Some years later 1280x1024 got a revival when upcomming (relative) low cost LCD manufacturing process passed the 1024x748 ability for 15".
The concept however of 5:4 aspect ratio, and 1280x1024 graphics coordinates, is actually much older than you think.
Many non-ibm work stations with fixed frequency screens used 1280x1024 (back in the 80’s) for the aforementioned reasons above.
In the consumer space…
It dates back at least to the BBC Micro introduced at the end of 1981; it had graphics modes designed around the PAL TVs used in the UK, with 160x256, 320x256, and 640x256 modes, all with a standard coordinate system of 1280x1024 for easy graphics programming. At 8x8 character size, this allowed an 80x32 text display on affordable hardware at home, better than many of the cheaper dumb terminals. The Acorn Archimedes, which succeeded the BBC Micro in the late 1980s, extended this capability to 640x512 with PAL TV timings, as well as supporting VGA/SVGA resolutions when connected to a PC-type monitor.
These resolutions were very easy to implement on PAL, using a 16MHz master dot clock, since the time between horizontal sync pulses is exactly 64µs, and there are slightly more than 512 lines (divided between the two interlaced fields) in the display-safe area. This relatively high level of capability was used by the BBC to generate broadcast TV graphics during the early to mid 1980s.
By 1984, early SGI IRIS workstations supported high-resolution graphics, with - in particular - 1024 rows of pixels:
The IRIS 1400 comes standard with 1.5 MB of CPU memory, 8 bit-planes of 1024x1024 image memory. A section of the framebuffer could be selected for display output, the size of that section depending on the output device's capabilities.
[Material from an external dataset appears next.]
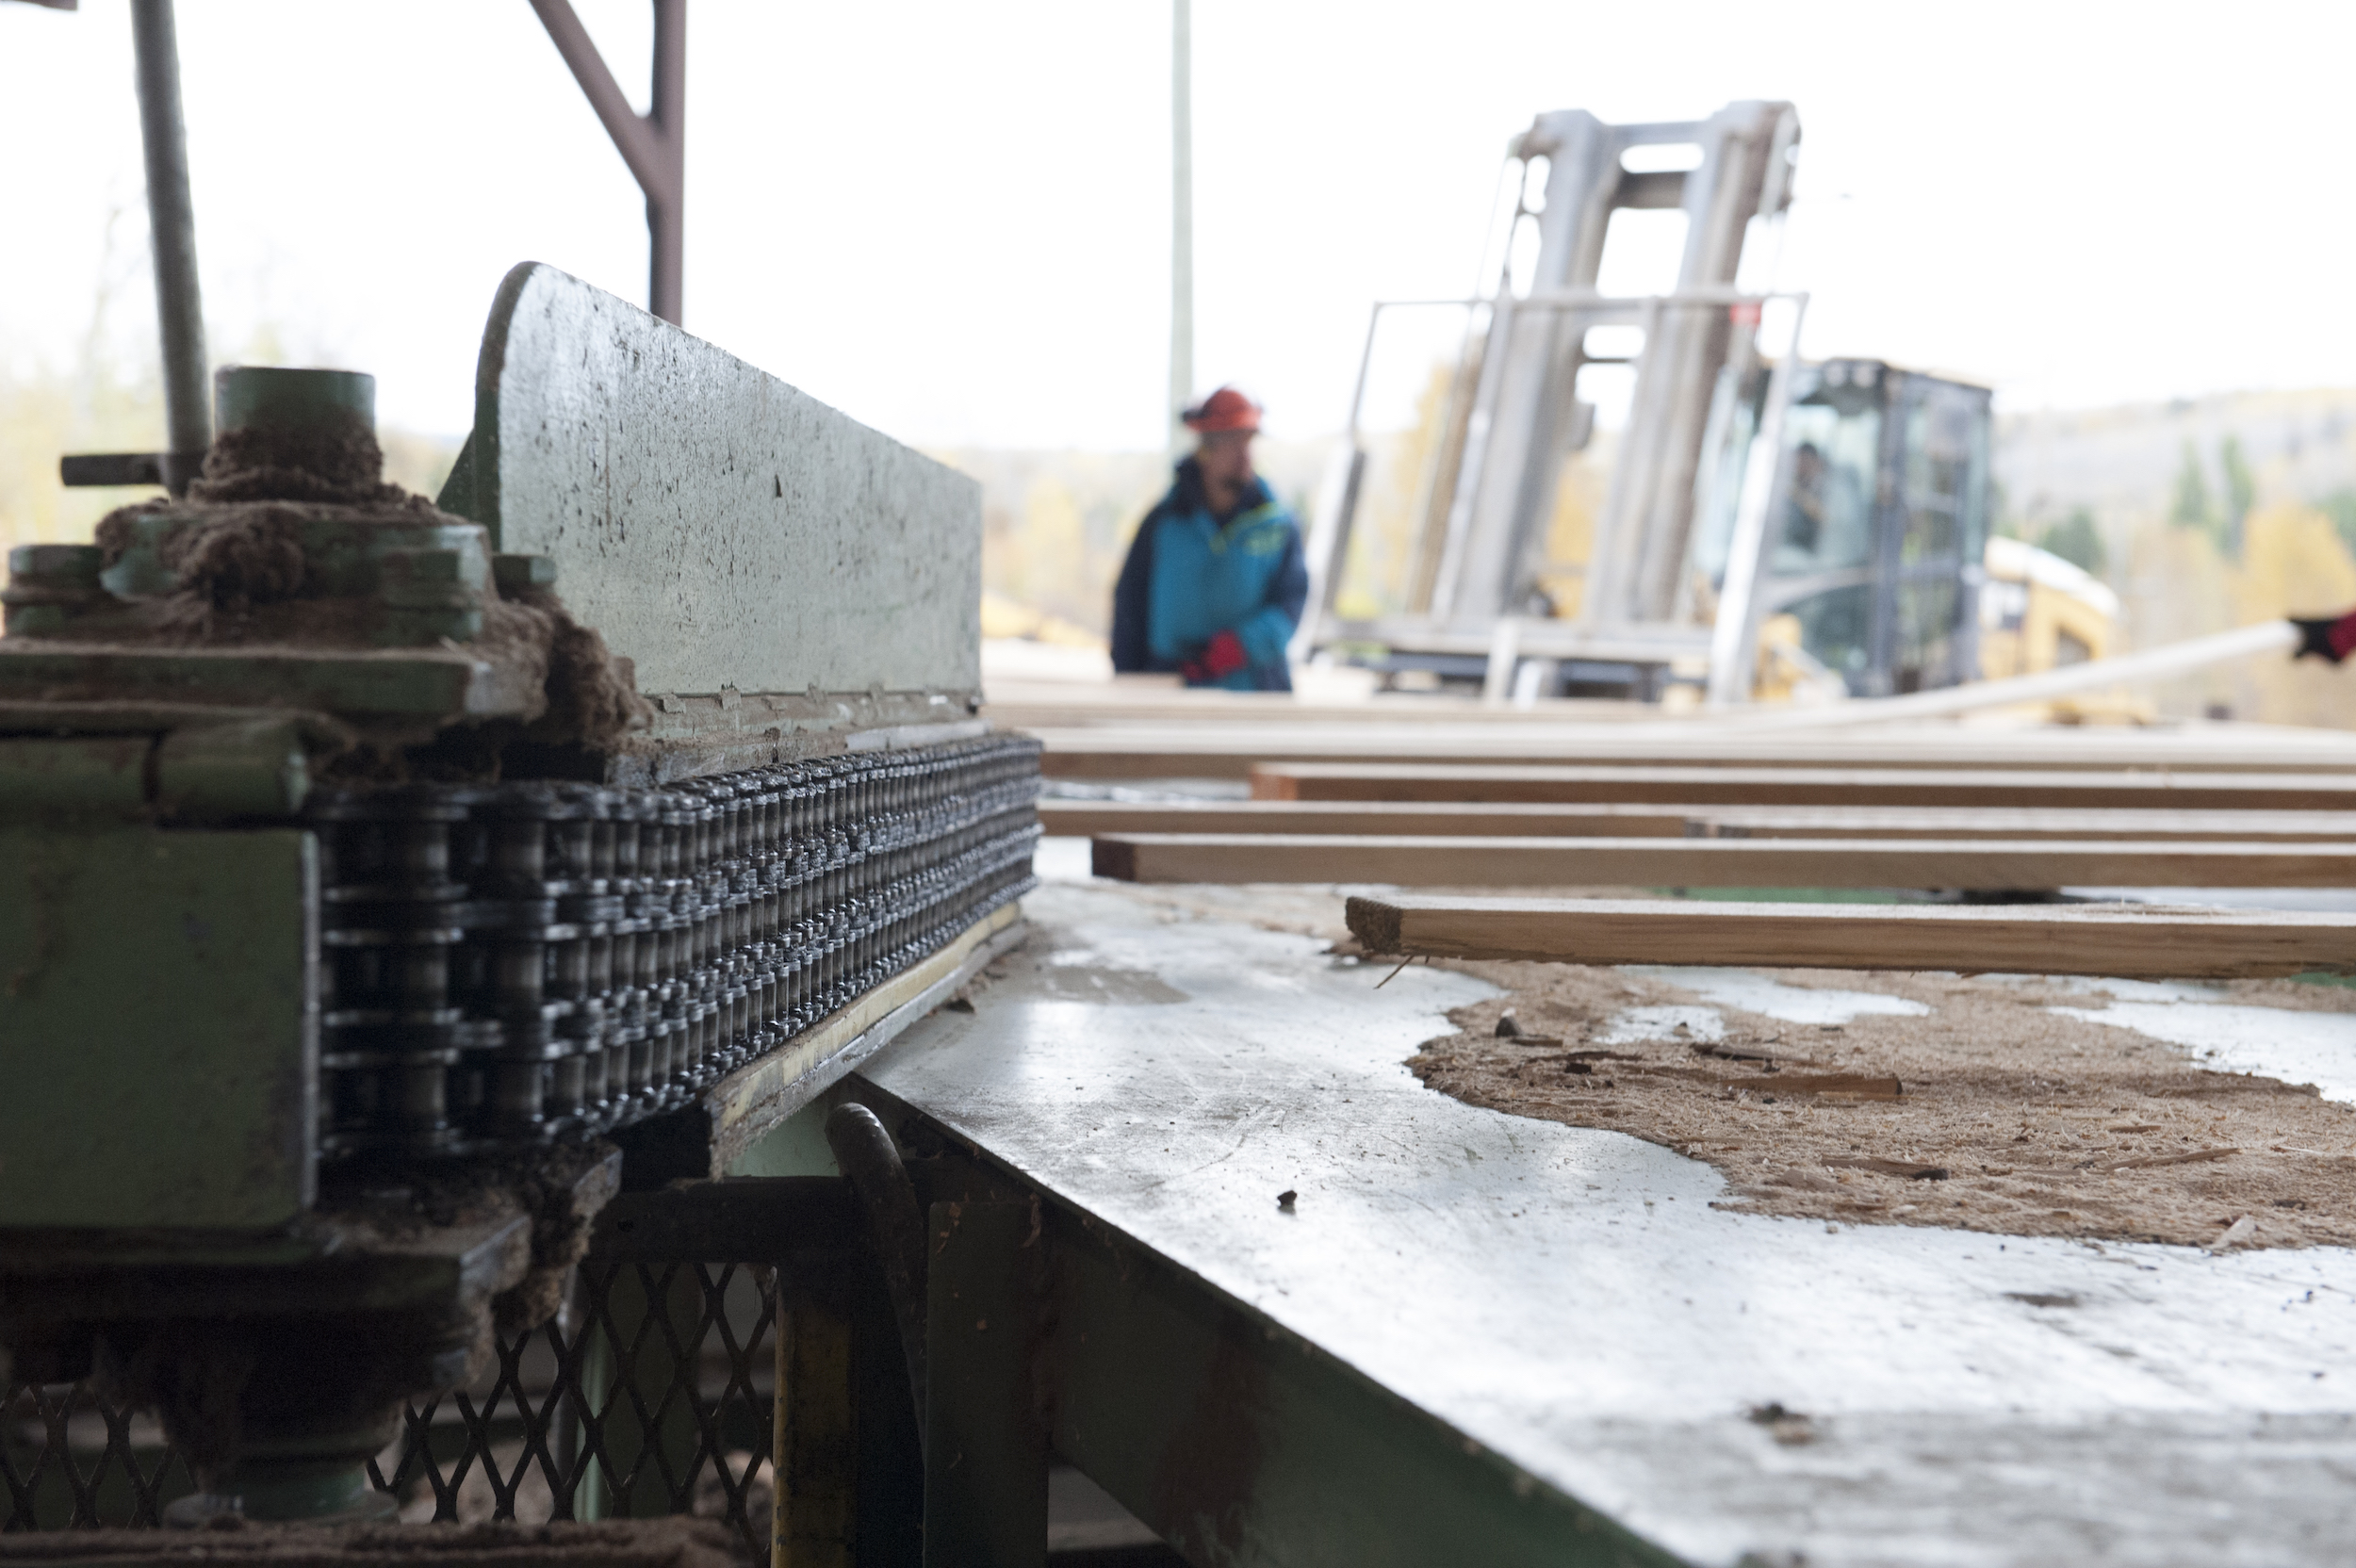 An Indigenous worker stands beside sawmill machinery In Kitwanga, B.C., with a forklift behind them

Apple introduced what was then considered a very high-resolution monochrome display in 1989, supporting just 1152x870 resolution (in a 4:3 aspect ratio), a size most likely designed to just fit in a megabit of RAM. A special modification to the Acorn Archimedes series allowed it to support 1152x896 (close to 5:4 aspect ratio) on a particular monitor, probably very similar to the one made by Apple; the Archimedes allocated display memory in system DRAM, so it didn't have a hard megabit limit as a Mac's graphics card did.
As the availability of fast and affordable memory became less of a restriction on graphics capabilities in the 1990s, it is notable that 1280x1024 with a 5:4 aspect ratio was specifically catered for by high-end monitor vendors. If three bytes per pixel are used to support 24-bit truecolour, moreover, this is a resolution that fits comfortably in a comparatively affordable 4MB of VRAM. CRTs could easily be built this way, as the natural shape of a glass tube is circular, thus the squarer the aspect ratio the easier the CRT was to make. This also did not restrict the display from handling 4:3 aspect ratios cleanly, just leaving a slightly different pattern of blank borders at the edges. Once 1280x1024 was established, LCD monitors for computer use were made to support it (in contrast to those for televisions)
The slightly taller aspect ratio is useful in text modes, where programmers appreciate having more lines of code on screen more than they do having more columns, and also in desktop environments where menus and toolbars have a habit of consuming vertical space more often than horizontal. The present trend towards wider aspect ratios, by contrast, is driven by the movie and gaming industries which want to cater for human peripheral vision, and thus immersion in the scene, rather than for display of information.